Fareed Zakaria [analista de
política internacional]: "Os
anos Bush foram o apogeu do
poder americano". E Richard
Haass [presidente do Conselho
de Relações Exteriores, nos
EUA] : "O momento unipolar
dos EUA se foi."
No entanto, gostemos ou
não, teremos que continuar vivendo com a hegemonia norte-americana. Salvo crise político-social de grandes proporções
na China, a estagnação dos próximos anos trará definitivamente uma mudança de patamar no seu poder. Mas nada para ameaçar a posição dos EUA.
Com a China crescendo a 6%,
Europa e Japão estagnados e
americanos a passo de cágado,
em cinco anos os chineses terão
um PIB de quase US$ 5 trilhões, ultrapassando largamente a França, a Inglaterra e a
Alemanha e igualando-se ao
Japão, transformando-se na
segunda maior economia do
mundo.
Só que os EUA estarão com
US$ 15 trilhões, três vezes mais
do que a China!
Do "voamos mais alto e sabemos o que é melhor para o
mundo", de Madeleine Albright [secretária de Estado na
era Clinton], ao "quem não está
conosco, está contra nós", do
fundamentalista Donald
Rumsfeld [secretário de Estado
nos tempos de George W.
Bush], houve uma escalada
imensa da hegemonia em direção a uma quase tirania.
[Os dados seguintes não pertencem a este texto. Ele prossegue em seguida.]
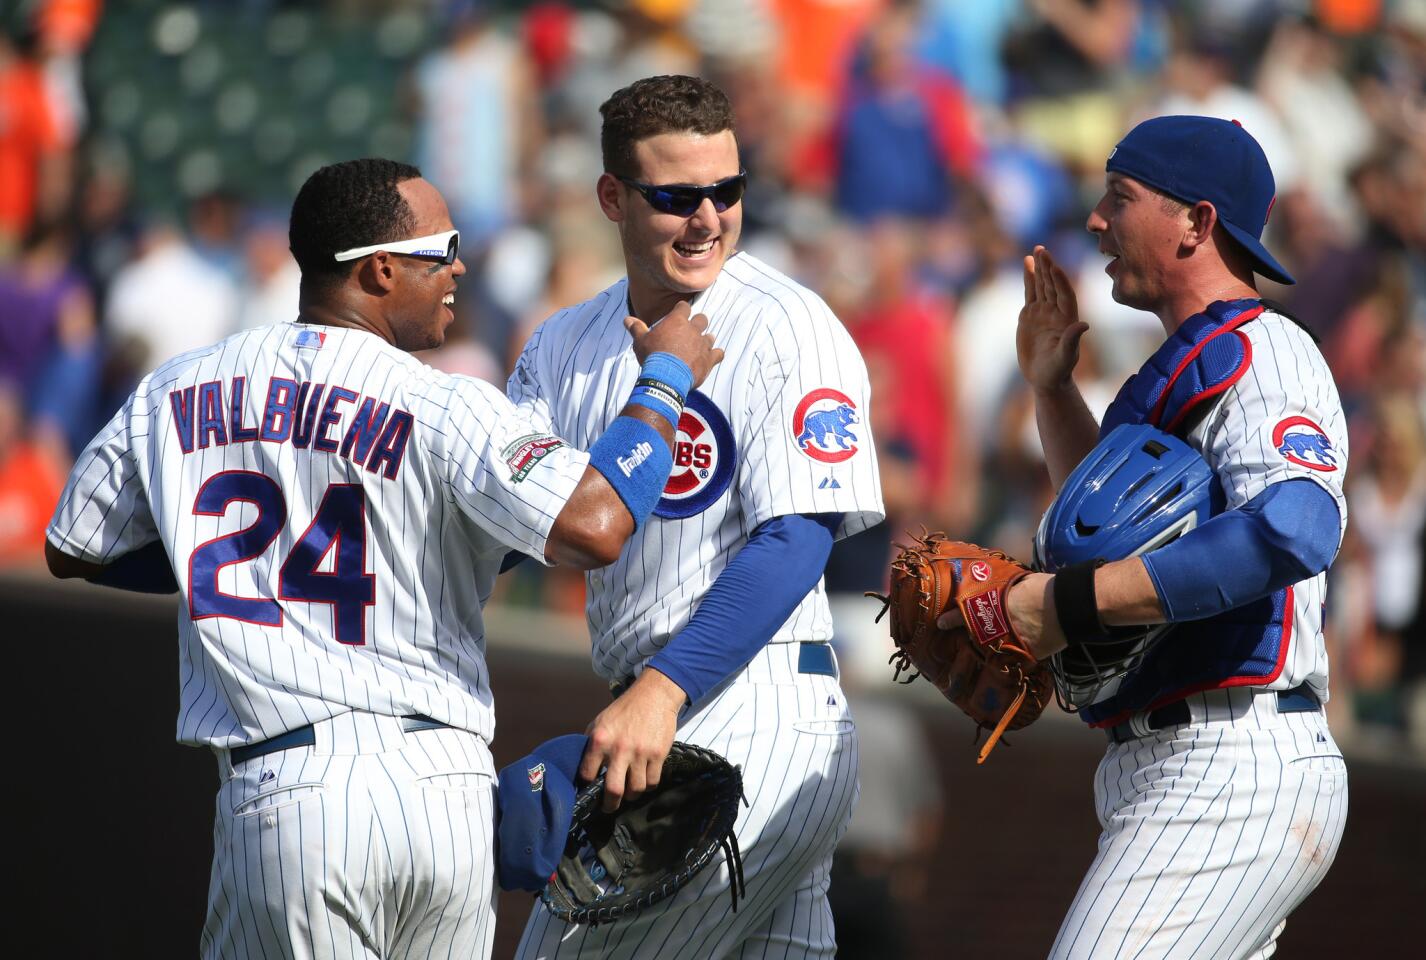 Luis Valbuena, Anthony Rizzo and John Baker celebrate the win.

O que agora o mundo espera
como frase emblemática de Hillary Clinton é "Os EUA precisam de sócios". Precisamos cobrar daquele país o exercício de
uma hegemonia que leve a consensos multipolares, aliviando
tensões mundiais e gerando
condições de governabilidade
sistêmicas.
Assim Obama poderá ter boa
parte do mundo como sócia.
GILBERTO DUPAS é coordenador geral do Grupo de Conjuntura Internacional da USP e autor
de "O Mito do Progresso" (ed. Unesp).